Au cours des dernières semaines, le Japon a annoncé son intention d’investir massivement dans la production mondiale de gaz naturel liquéfié (GNL) avec deux objectifs bien précis en tête : remplacer en partie sa consommation de pétrole en provenance du Moyen-Orient et prévoir la hausse imminente de la demande mondiale pour une source d’énergie fiable et moins polluante.

Parmi les plus grands acheteurs mondial de GNL, le Japon a dévoilé en septembre dernier un plan d’investissement de 10 G$ en vertu d’un plan de partenariat public-privé pour développer l’approvisionnement mondial en GNL, rapporte le Nikkei Asian Review.

Financé en partie par la Japan Bank for International Cooperation et la société d’État Japan Oil, Gas and Metals National Corp., le projet comprend notamment la formation de 500 experts dans la production de GNL, dans le développement d’une meilleure approche environnementale et dans la prévision des marchés haussiers du GNL pour les années à venir.

Lorsque l’on affirme que l’appétit mondial pour le GNL va en grandissant, c’est en partie grâce à ce désir de l’Asie — pas seulement du Japon, mais surtout de la Chine et de l’Asie du Sud-Est — de se départir de sa dépendance aux énergies fossiles du Moyen-Orient.

La Chine en particulier met l’accent sur la réduction de sa dépendance au charbon pour produire son électricité et prévoit une augmentation substantielle de sa consommation de gaz naturel pour pallier ses besoins énergétiques.

La sécurité énergétique est une question cruciale pour les pays asiatiques et le Canada est considéré comme un partenaire fiable, stable et doté de règles environnementales parmi les plus strictes au monde.

Le Japon importe, par exemple, 90 % de ses ressources énergétiques des pays du Moyen-Orient, d’où son intérêt à se tourner vers de nouveaux fournisseurs de gaz naturel, notamment le Canada.

50 ans de GNL

Le pays a une longue histoire commerciale avec le GNL importé utilisé pour alimenter ses usines de production d’électricité. Le conglomérat Mitsubishi, qui agit comme acheteur pour les sociétés Tokyo Electric Power Company et Tokyo Gas, a souligné le 4 novembre un jalon important de cette histoire, puisque cela fait maintenant 50 ans que le Japon importe du GNL par bateau. Le premier chargement est arrivé en provenance de l’Alaska le 4 novembre 1969.

Le président de Tokyo Gas, Takashi Uchida, a d’ailleurs déclaré que le Japon allait utiliser de plus en plus de GNL «au cours des 50 prochaines années» dans son effort de réduction d’émissions de GES en combinant le gaz naturel aux énergies renouvelables.

Quelle place pour le projet d’Énergie Saguenay ?

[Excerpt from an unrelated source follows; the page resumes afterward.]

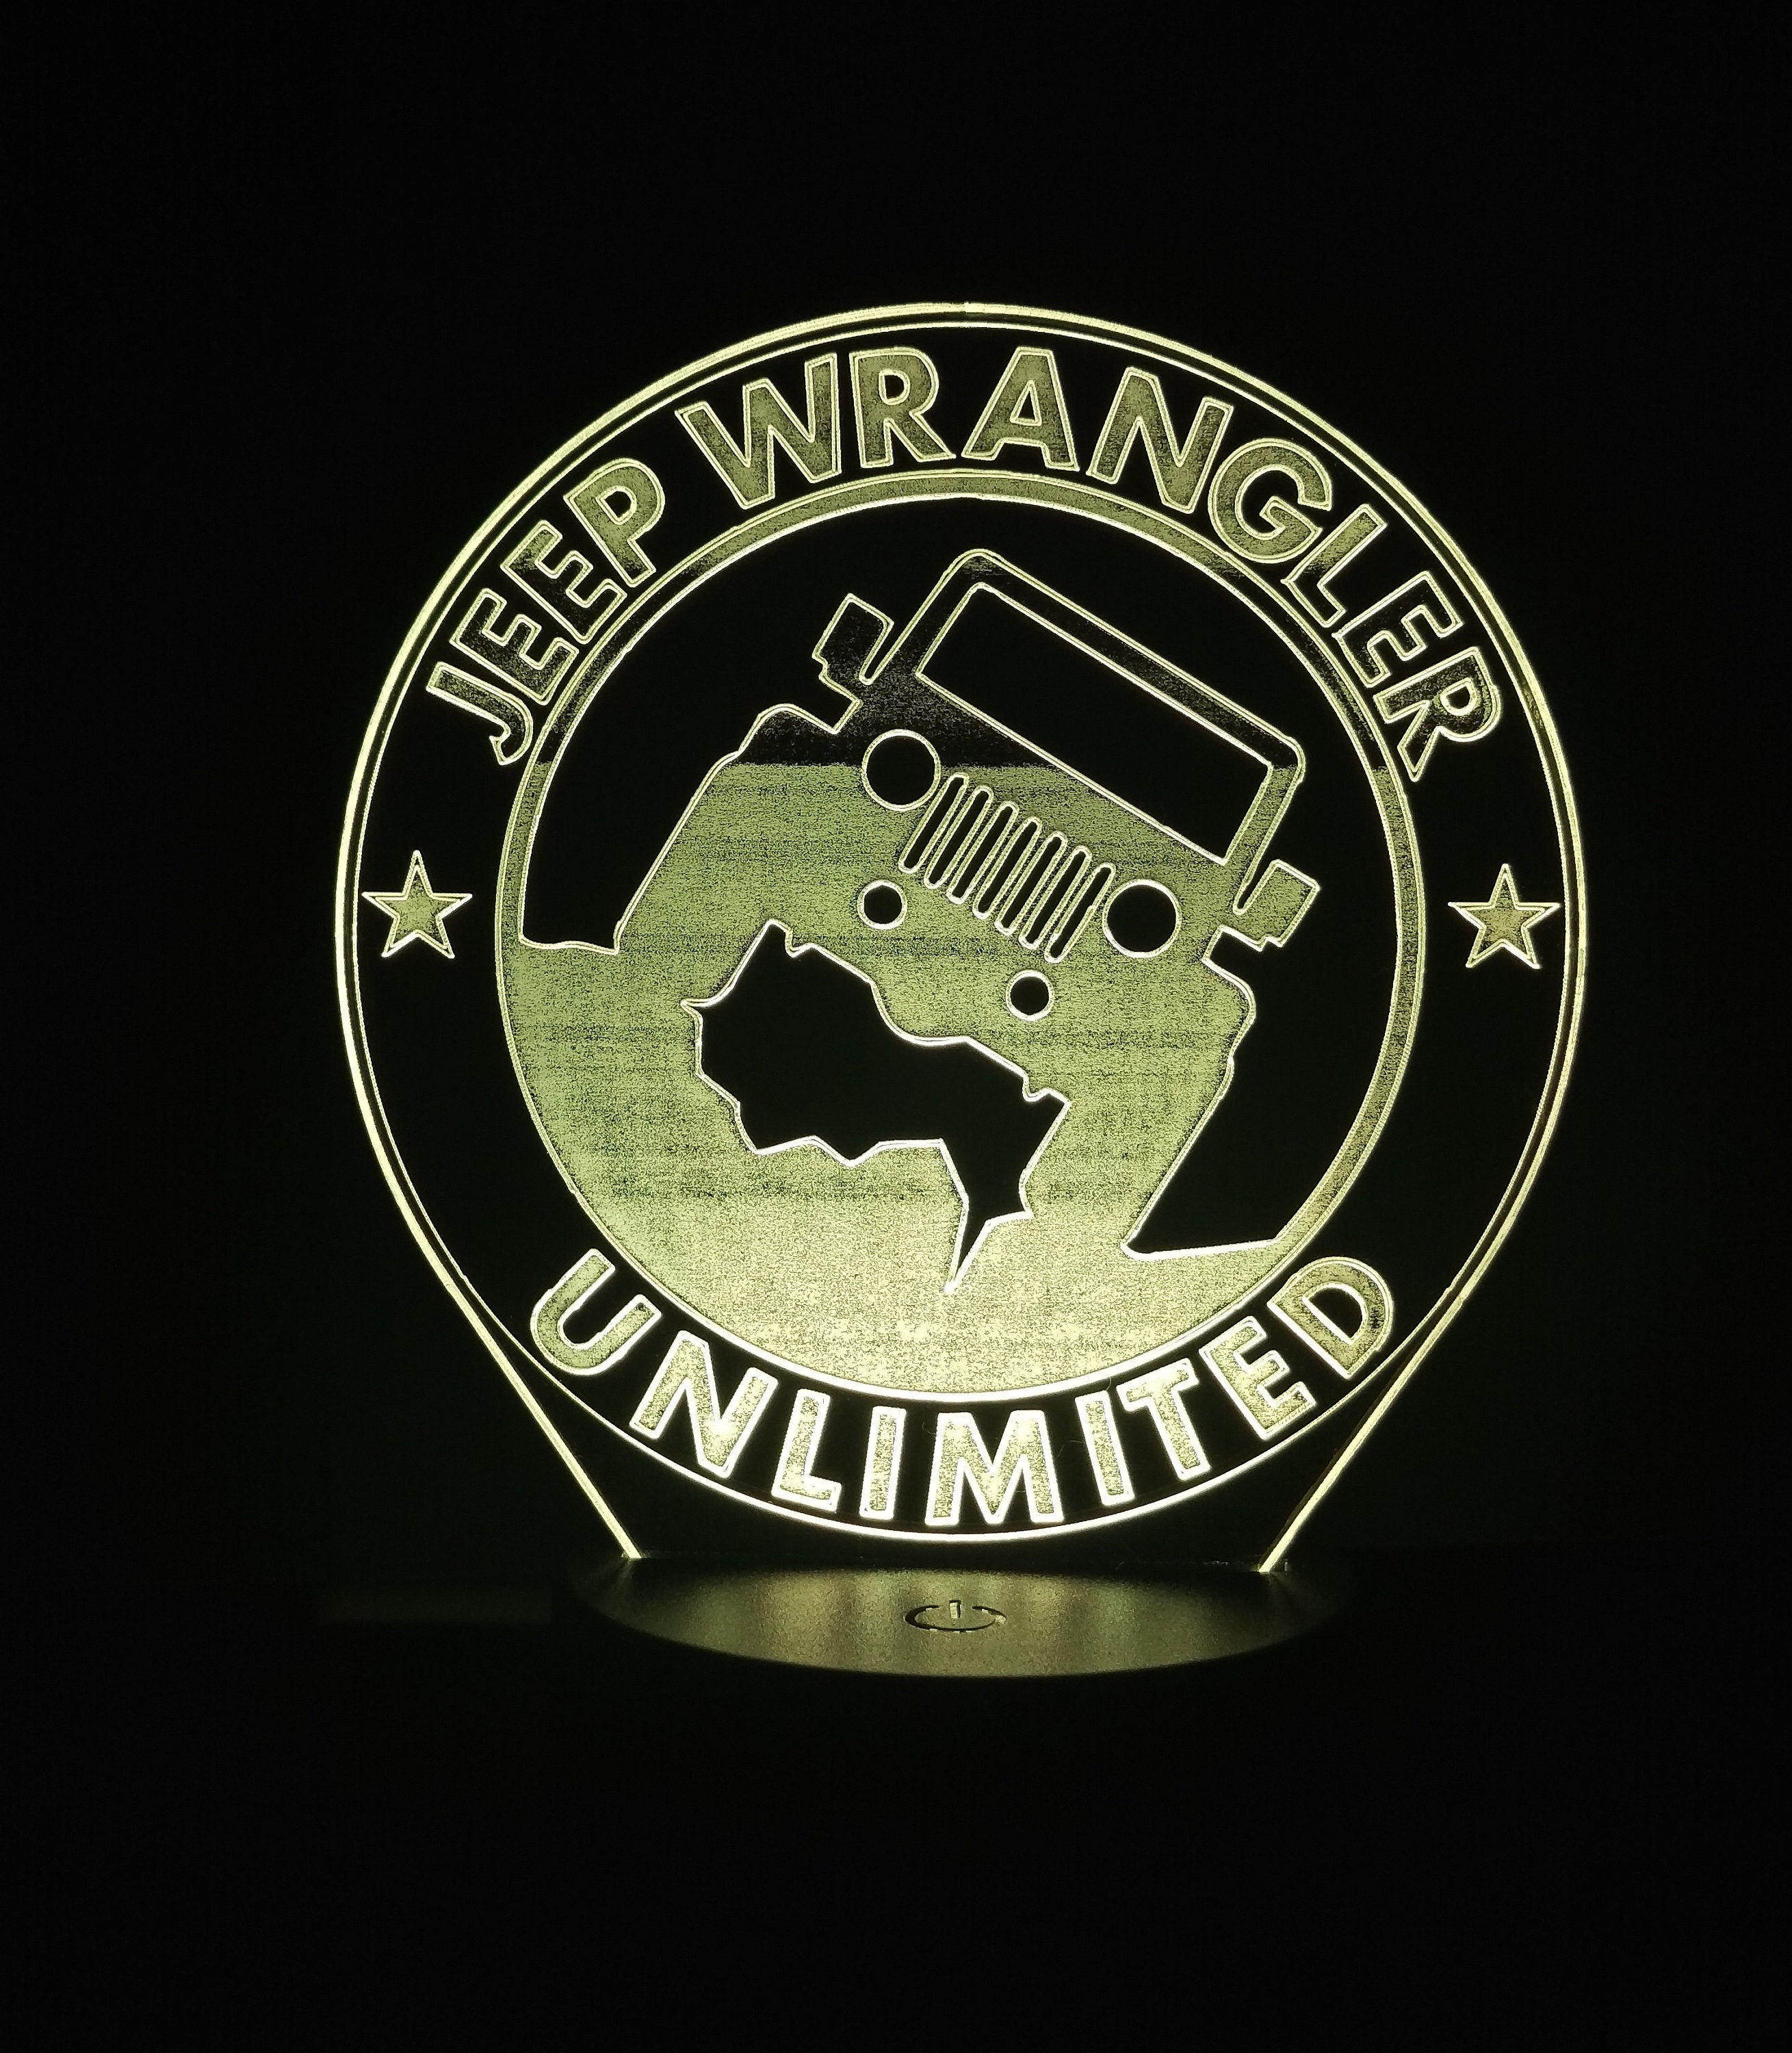 Awesome "Jeep Wrangler - Unlimited" LED lamp (1105) - FREE SHIPPING!
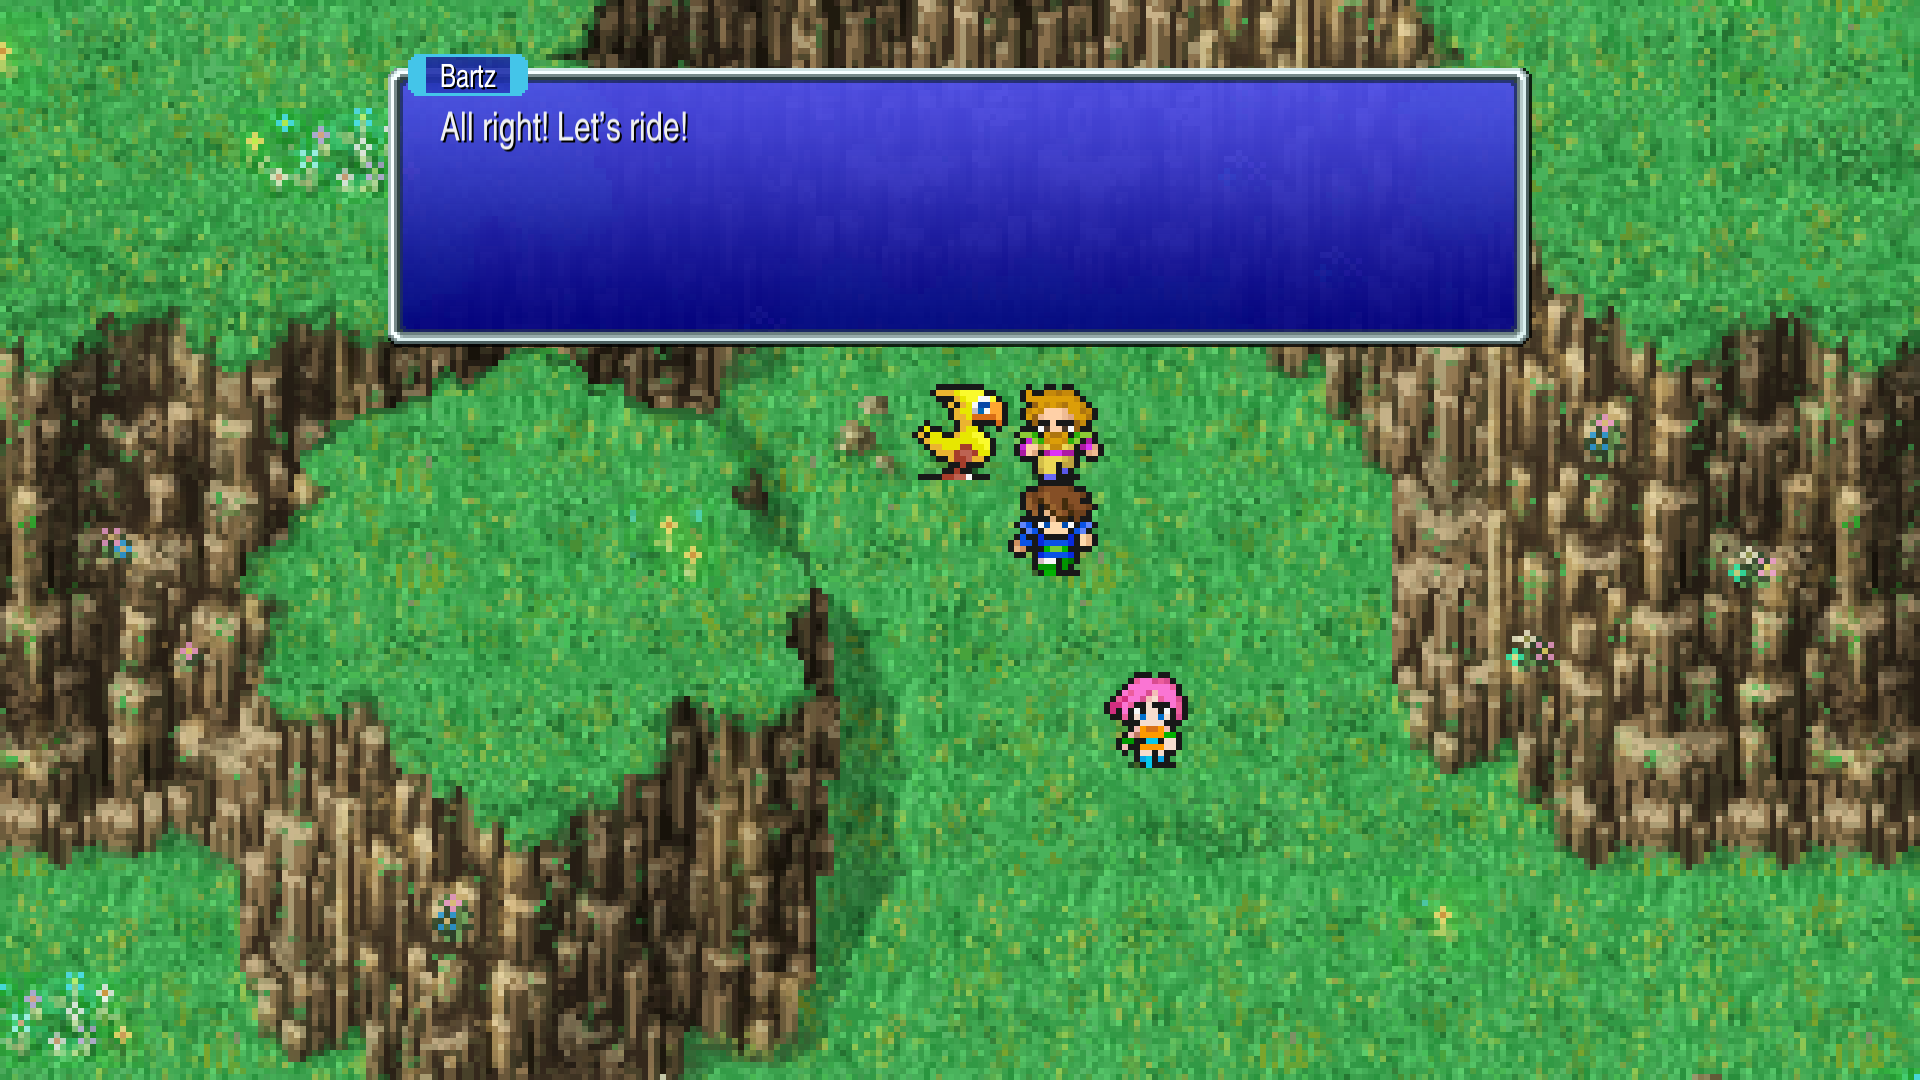 Gameplay screenshot showing the FINAL FANTASY V party with a chocobo on the world map

Ce plan de développement du GNL n’est que le plus récent exemple de la demande croissante des Japonais pour le gaz naturel, notamment pour celui extrait au Canada. En 2017, le gouvernement nippon avait déjà injecté 10 G$ dans quatre projets d’usines de liquéfaction de gaz naturel, dont le projet canadien de LNG Canada en Colombie-Britannique, un projet évalué à 40 G$ qui doit commencer à exporter du gaz naturel canadien vers l’Asie dès 2024.

En comparaison, le projet de GNL Québec, qui est évalué à 9 G$, pourrait exporter jusqu’à 11 Mt du GNL canadien le plus propre au monde vers les marchés européens et asiatiques, incluant le Japon, dès 2025.

Comment est-ce possible ?

Grâce à l’utilisation de l’hydroélectricité pour alimenter à 100 % l’usine de liquéfaction, le GNL produit par Énergie Saguenay deviendra la référence mondiale en la matière.

À titre d’exemple, l’usine Énergie Saguenay émettra 85 % moins de gaz à effet de serre qu’une installation comparable aux États-Unis.

L’analyse du cycle de vie du projet Énergie Saguenay réalisée par Centre international de référence sur le cycle de vie des produits, procédés et services de Montréal démontre ainsi, selon un scénario très conservateur, que si seulement 60% du GNL produit par GNL Québec remplaçait directement du charbon, cette substitution se traduirait par une diminution de 28 M de tonnes par année de GES à l’échelle mondiale, l’équivalent de 7 millions de voitures à essence retirées de la route ou de compenser à chaque tranche de trois années de production la totalité des gaz à effet de serre que le Québec émet en une seule année.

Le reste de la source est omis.